A 3ª Turma do Tribunal Superior do Trabalho (TST) decidiu, por unanimidade, que a Justiça pode penhorar salários, pensões e aposentadorias para o pagamento de dívida trabalhista. Os magistrados estabeleceram que o bloqueio deve respeitar o limite máximo de 50% dos rendimentos líquidos mensais do devedor.
O julgamento, ocorrido em Brasília, marca um novo posicionamento para a execução de processos trabalhistas. Conforme a determinação, o juiz responsável pelo caso precisa assegurar que o devedor receba, pelo menos, o equivalente a um salário mínimo nacional vigente para garantir sua própria sobrevivência.
Mudanças causadas pela decisão do TST
Muitos tribunais regionais consideravam salários e benefícios previdenciários impenhoráveis anteriormente, baseando-se no Código de Processo Civil (CPC) de 2015. Contudo, o relator do caso, ministro Mauricio Godinho Delgado, esclareceu que o crédito trabalhista possui natureza alimentar.
O ministro reforçou que o artigo 833 do CPC prevê uma exceção específica para o pagamento de prestações alimentícias. Como o débito trabalhista garante o sustento do trabalhador e de sua família, ele se enquadra nessa categoria, o que autoriza a constrição judicial de valores.
Aplicação prática do Tema 75
A decisão da 3ª Turma segue rigorosamente o Tema 75 dos Recursos de Revista Repetitivos do TST. Este precedente vinculante valida a penhora de salário para a quitação de débitos judiciais, desde que o magistrado observe dois critérios fundamentais.
Primeiramente, a medida não pode ultrapassar 50% da renda líquida do executado. Além disso, a Justiça deve garantir ao devedor o recebimento de um salário mínimo legal. Dessa forma, o juiz da execução analisará a realidade de cada processo para definir o percentual de desconto, podendo fixar valores menores caso a situação financeira do devedor exija maior proteção.
Origem do processo e a reforma no TST
O caso teve início no Tribunal Regional do Trabalho da 2ª Região (TRT-2), em São Paulo. O juízo de primeiro grau negou inicialmente o pedido para investigar rendimentos junto ao INSS por considerar salários bens intocáveis. O TRT-2 manteve a negativa com o argumento de que créditos trabalhistas não configurariam prestação alimentícia em sentido estrito.
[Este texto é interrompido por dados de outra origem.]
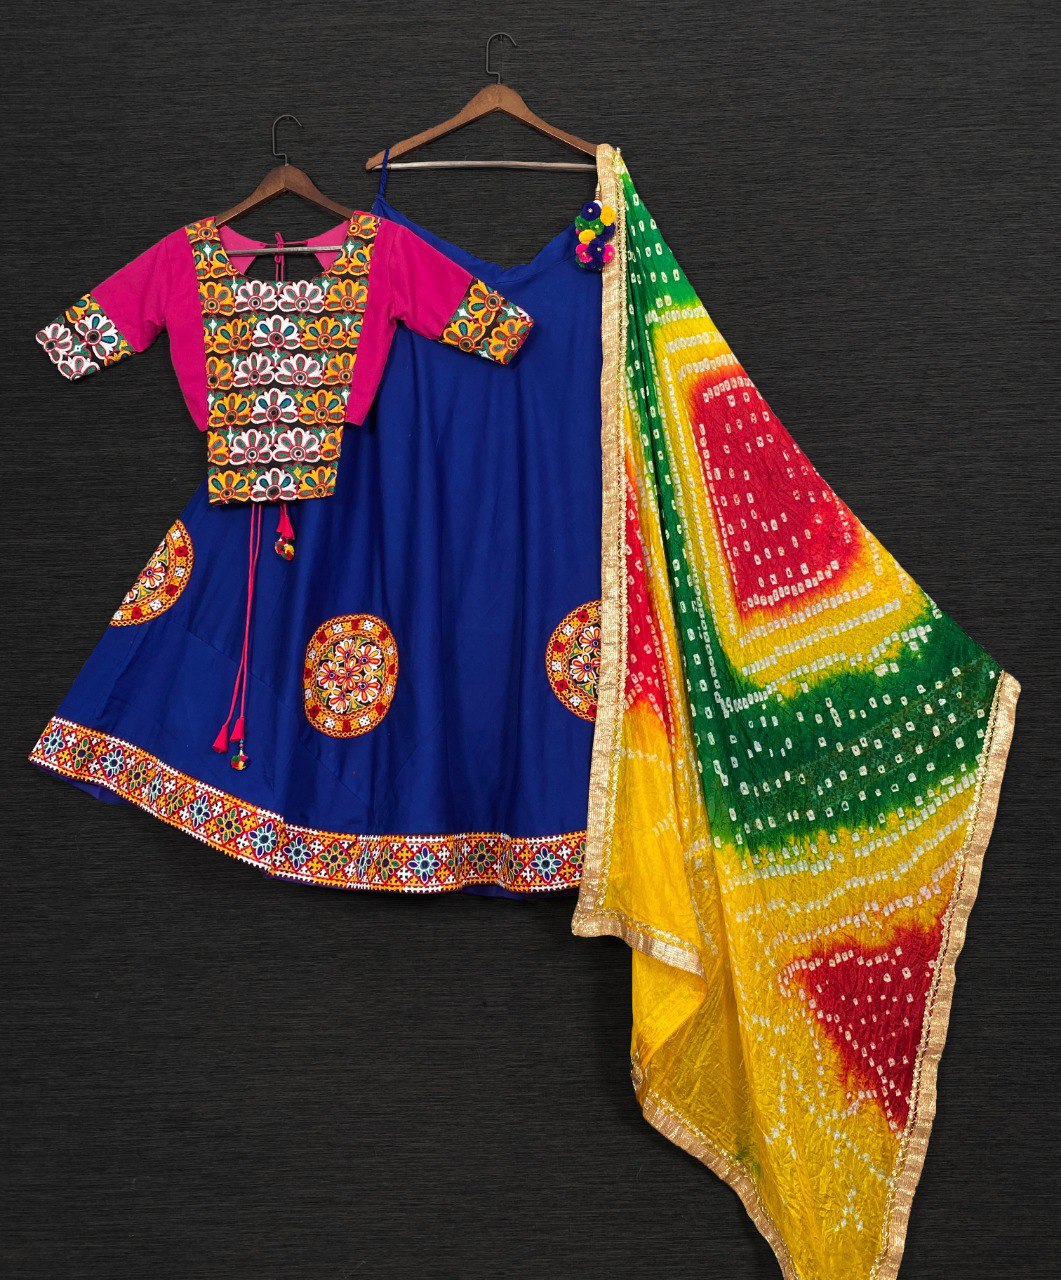 Buy Chaniya Choli - Navratri Garba Dandiya wear - Lehenga Choli Dupatta - 8  Colour Variants (Red02) at Amazon.in

Após o recurso ao TST, os ministros reverteram a decisão regional. A Corte Superior indicou que o tribunal de origem contrariava precedentes obrigatórios. Portanto, o TST reforça a necessidade de uniformização das decisões judiciais em todo o país, o que aumenta a segurança jurídica para credores e devedores.
A expectativa atual reside no ajuste de jurisprudência dos tribunais regionais que ainda resistem à penhora de rendimentos. Esse alinhamento evita que cortes superiores anulem decisões divergentes futuramente.